Dataset excerpt Block Start
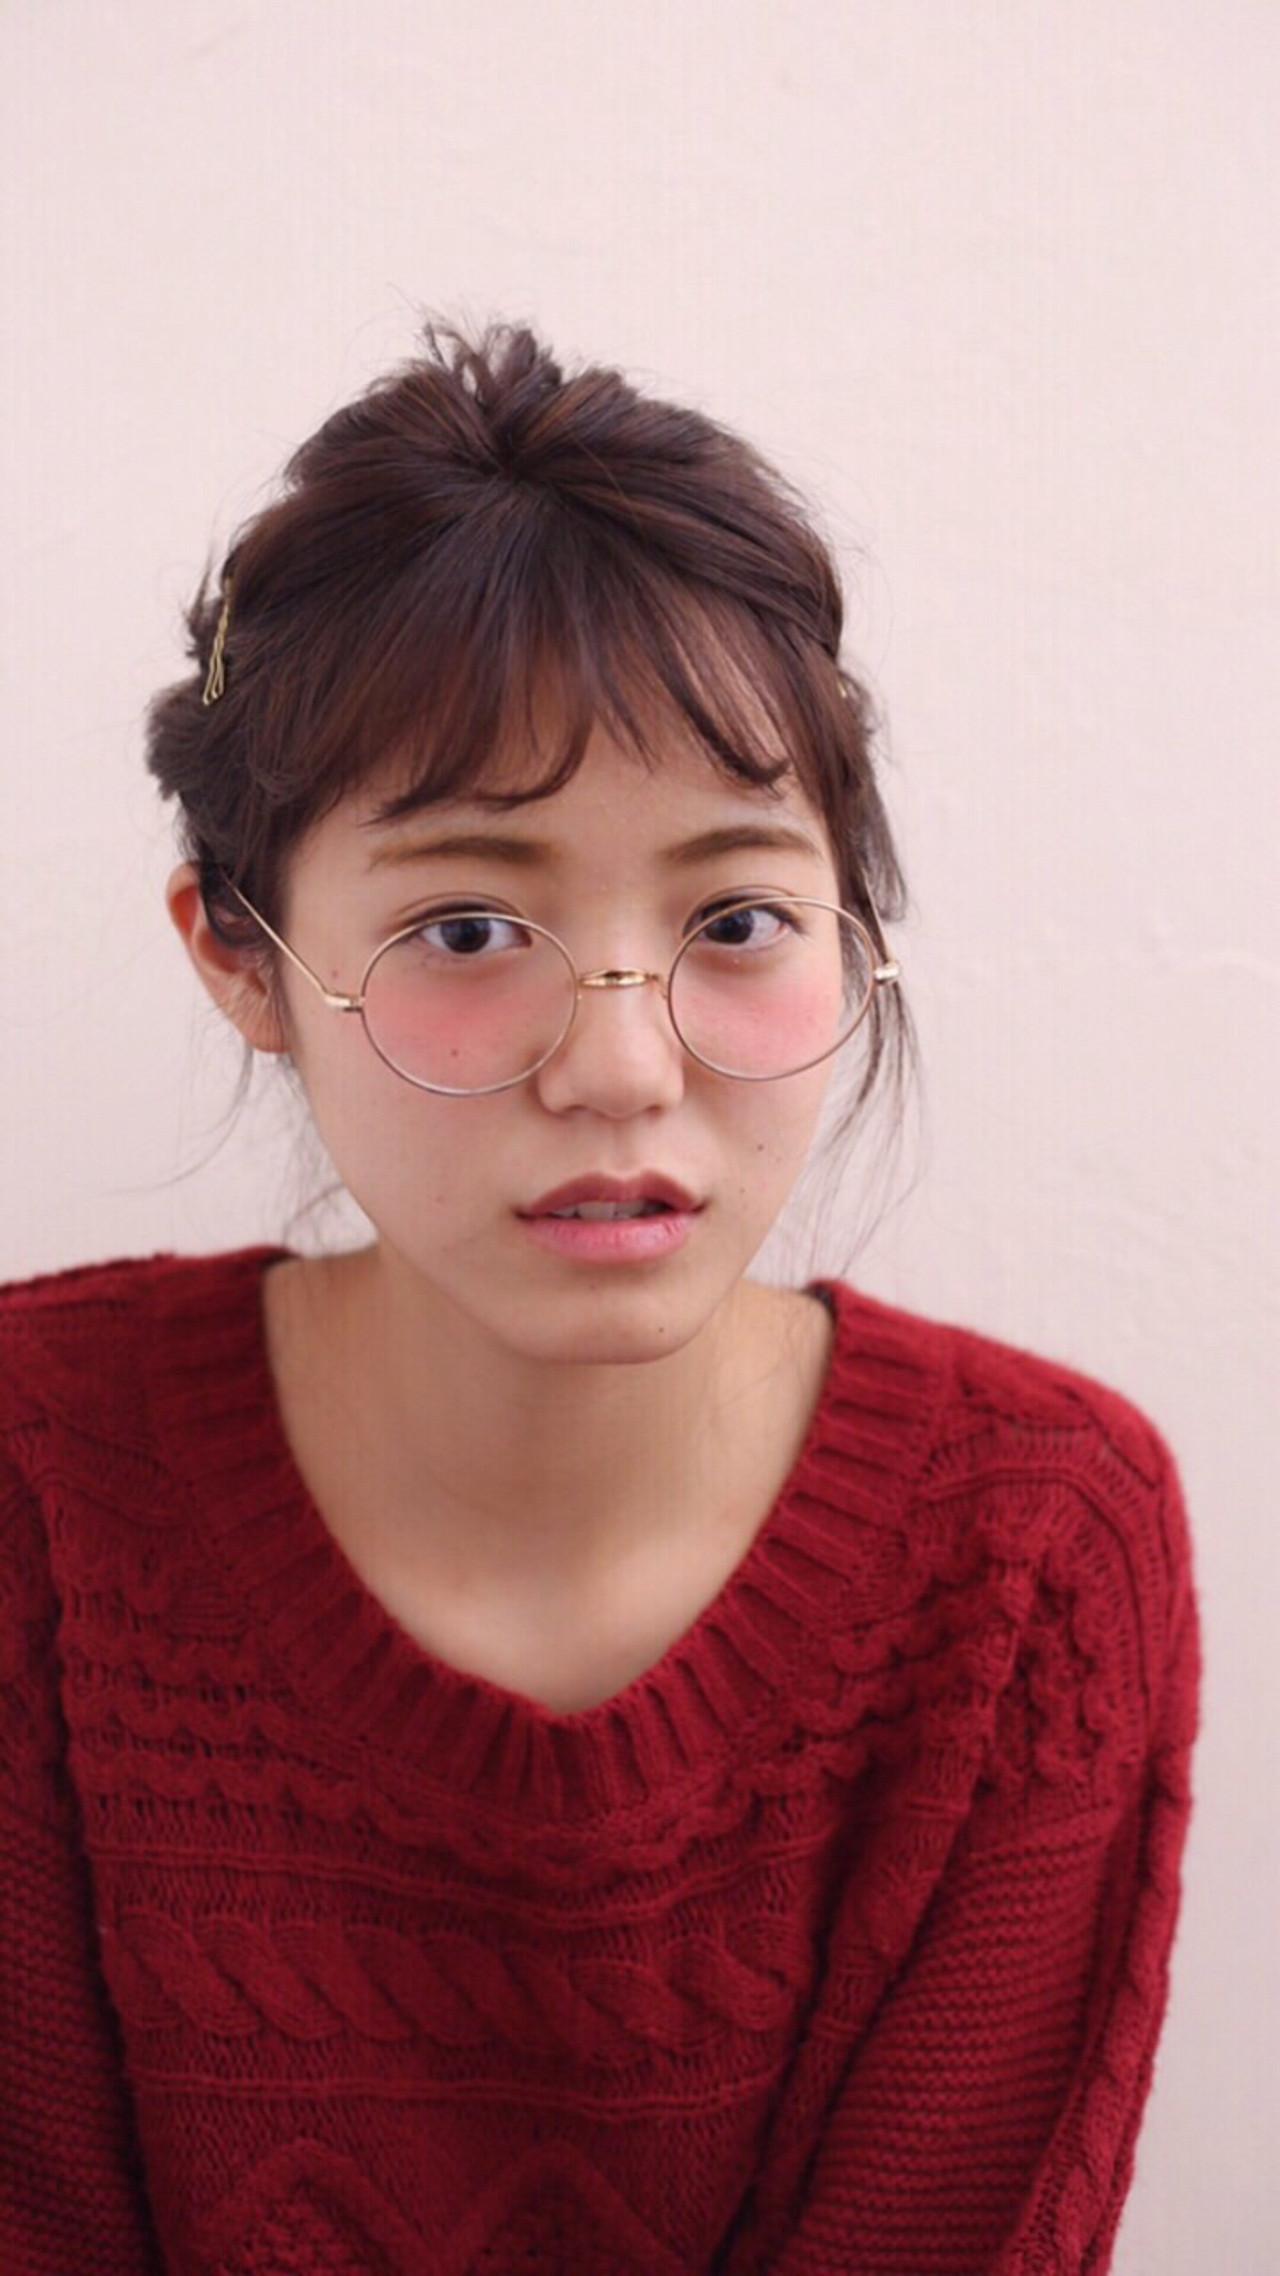 前髪あり ストリート 外国人風 ショート ヘアスタイルや髪型の写真・画像 | 坂本圭太朗 / bado
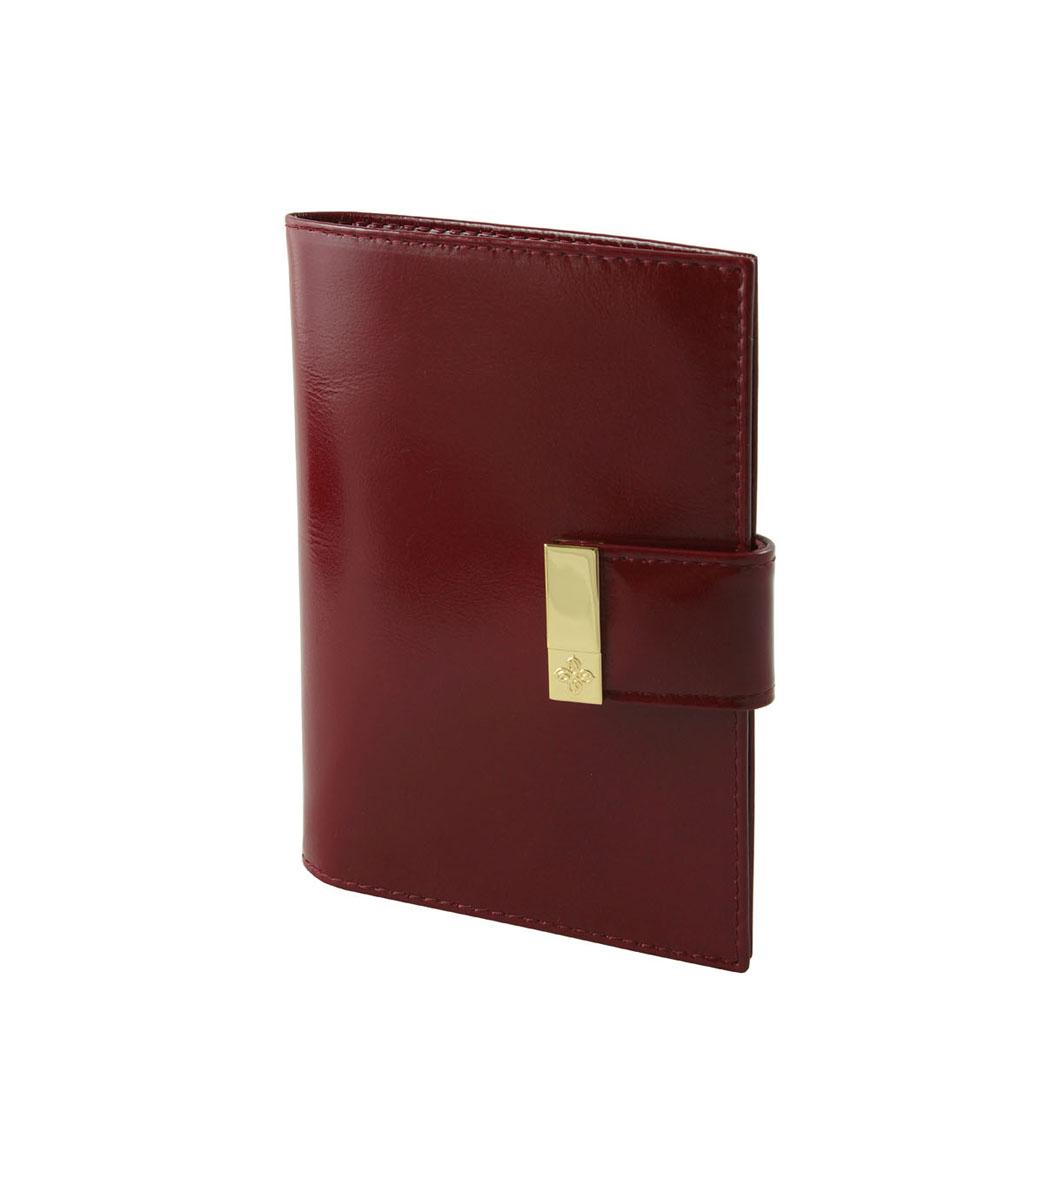 Обложка для паспорта Dimanche Elite Гранат, цвет: бордовый. 150150Обложка для паспорта Dimanche Elite Гранат изготовлена из натуральной кожи бордового цвета. Внутри содержится два прозрачных захвата для паспорта. Внутренняя отделка - из стильной ткани насыщенного красного цвета. Закрывается обложка на кнопку хлястиком с металлическим украшением. Обложка Dimanche Elite Гранат не только поможет сохранить внешний вид вашего паспорта и защитит его от повреждений, но и станет ярким аксессуаром, который подчеркнет ваш неповторимый стиль. Обложка упакована в фирменную подарочную коробку.
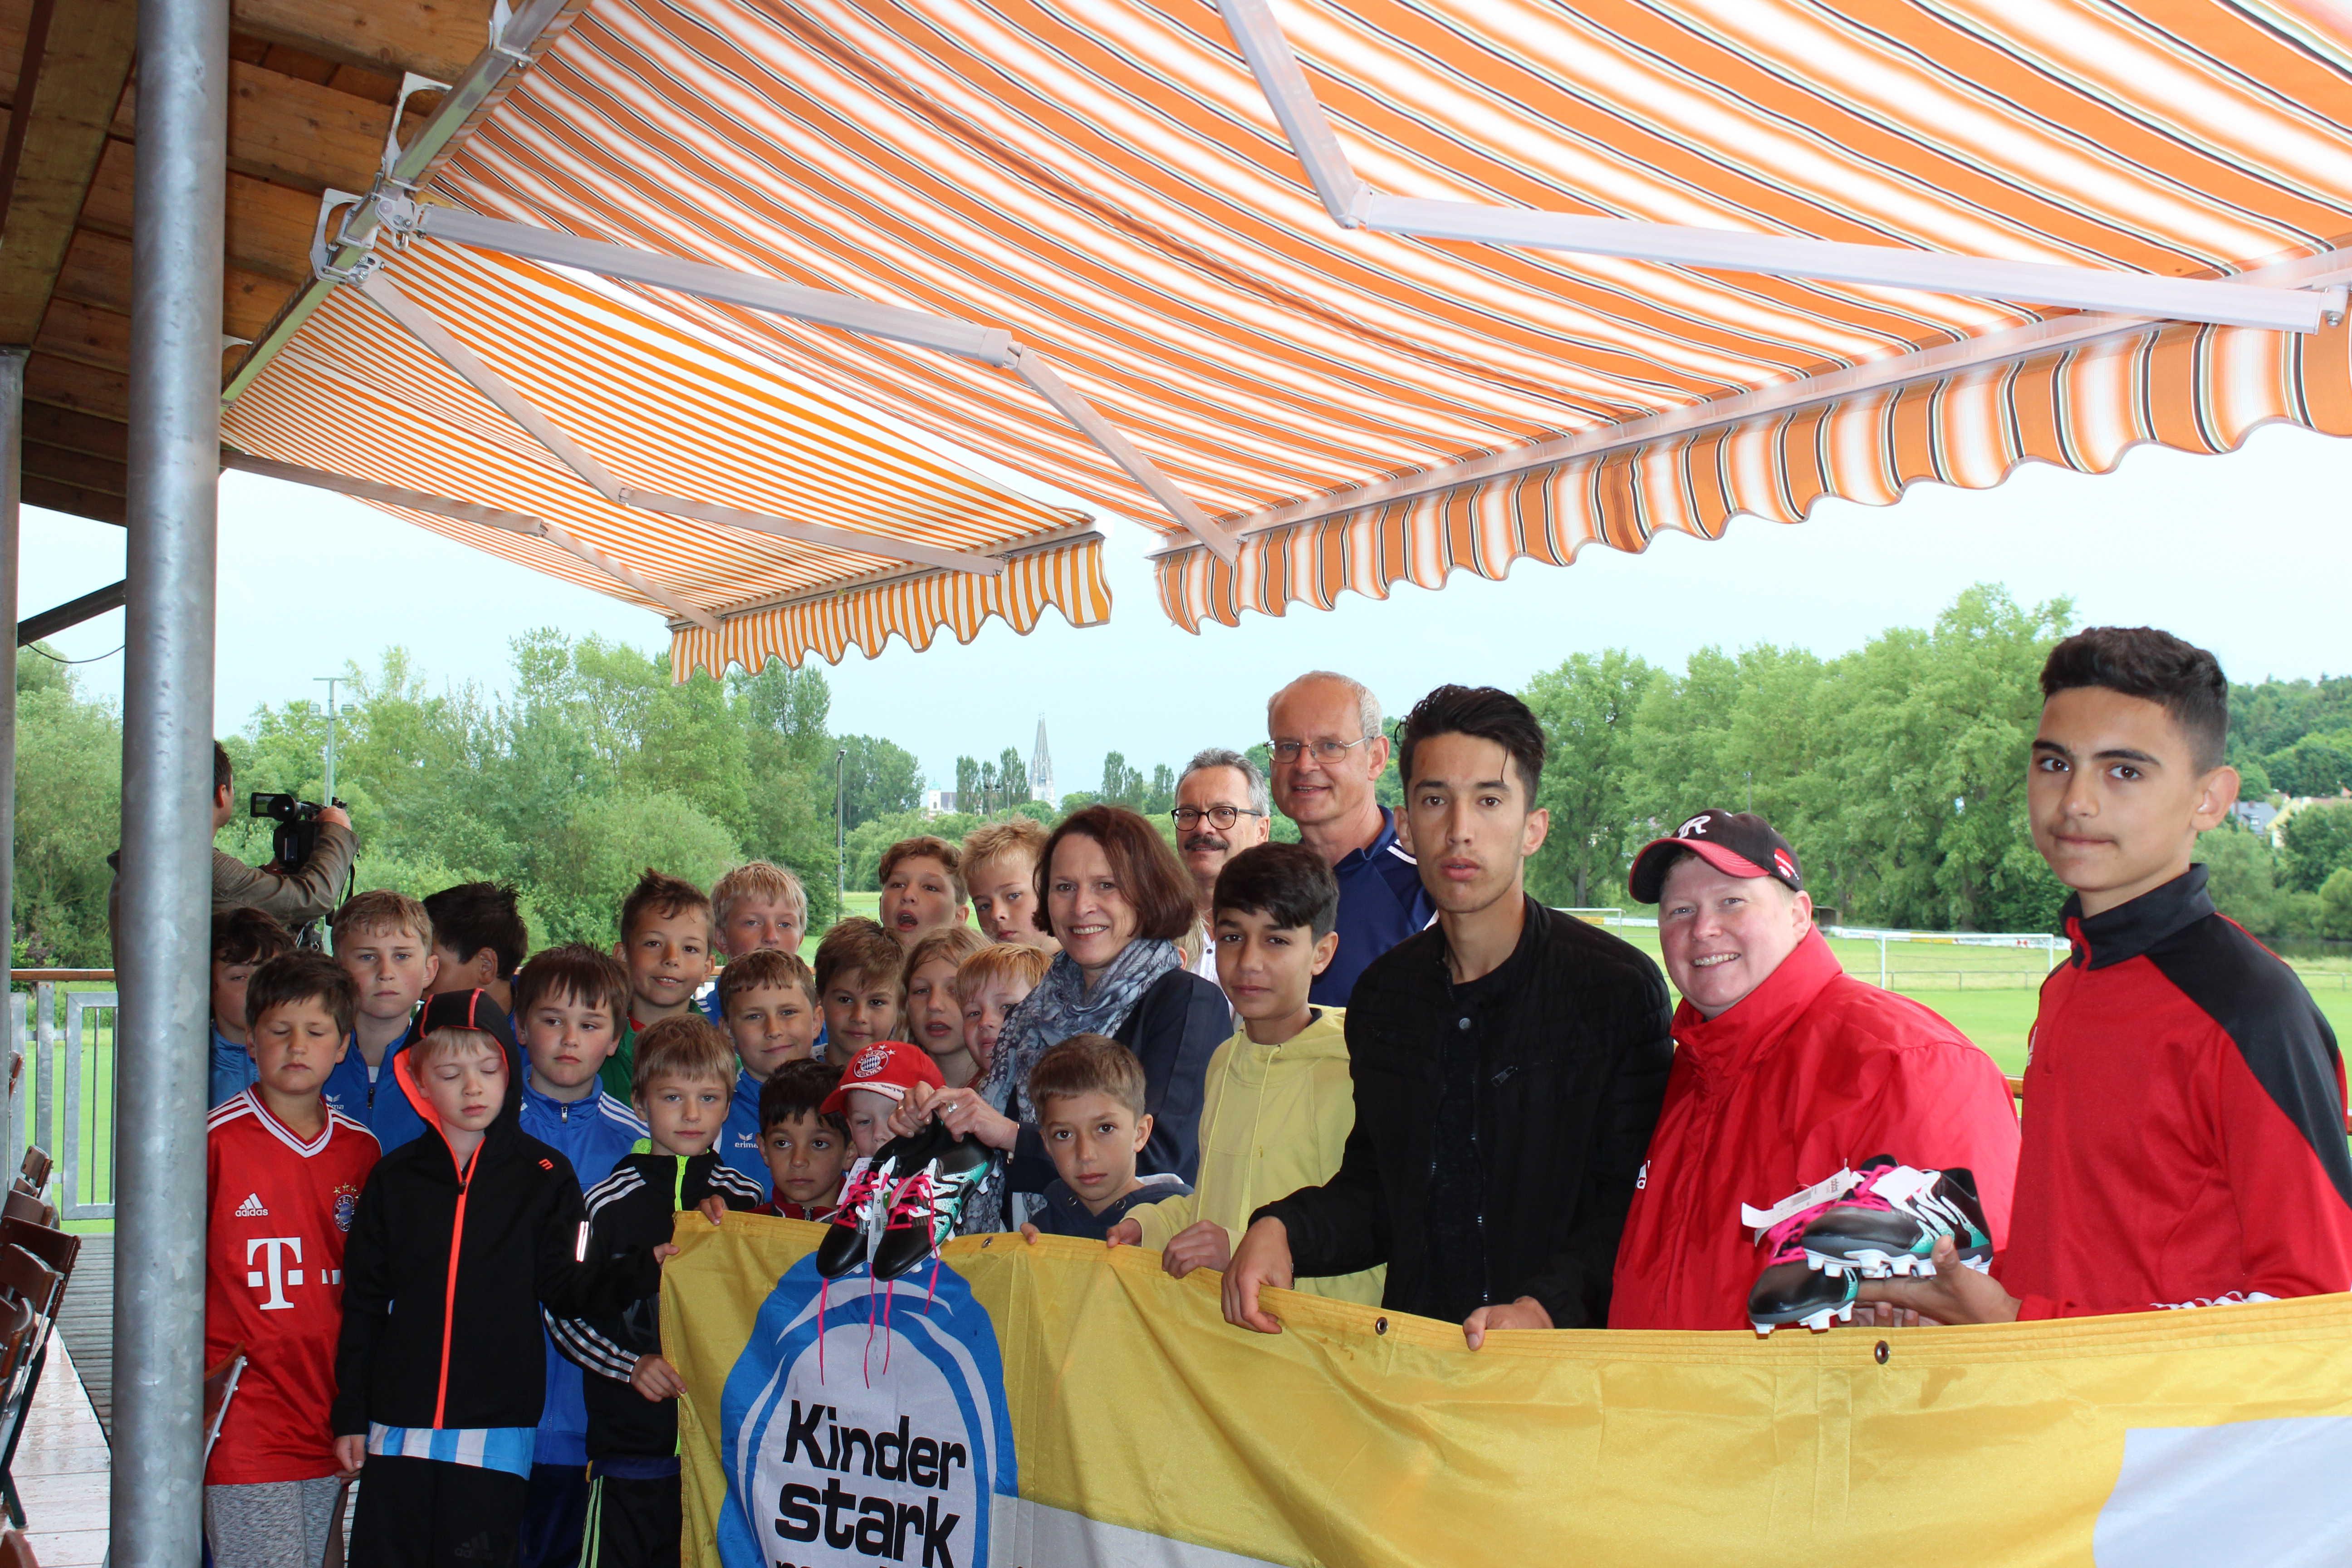 Regensburg hilft Flüchtlingskinder: Neue Fußballschuhe zum Spielen
Dataset excerpt Block End
* _Task objective_: Nothing should appear in the answer except the lines from the one containing "Обложка для паспорта Dimanche Elite Гранат, цвет: бордовый." through the last line of the listing, given again exactly and with no pictures.

* _Exercise answer_:
 Обложка для паспорта Dimanche Elite Гранат, цвет: бордовый. 150150Обложка для паспорта Dimanche Elite Гранат изготовлена из натуральной кожи бордового цвета. Внутри содержится два прозрачных захвата для паспорта. Внутренняя отделка - из стильной ткани насыщенного красного цвета. Закрывается обложка на кнопку хлястиком с металлическим украшением. Обложка Dimanche Elite Гранат не только поможет сохранить внешний вид вашего паспорта и защитит его от повреждений, но и станет ярким аксессуаром, который подчеркнет ваш неповторимый стиль. Обложка упакована в фирменную подарочную коробку.
 Regensburg hilft Flüchtlingskinder: Neue Fußballschuhe zum Spielen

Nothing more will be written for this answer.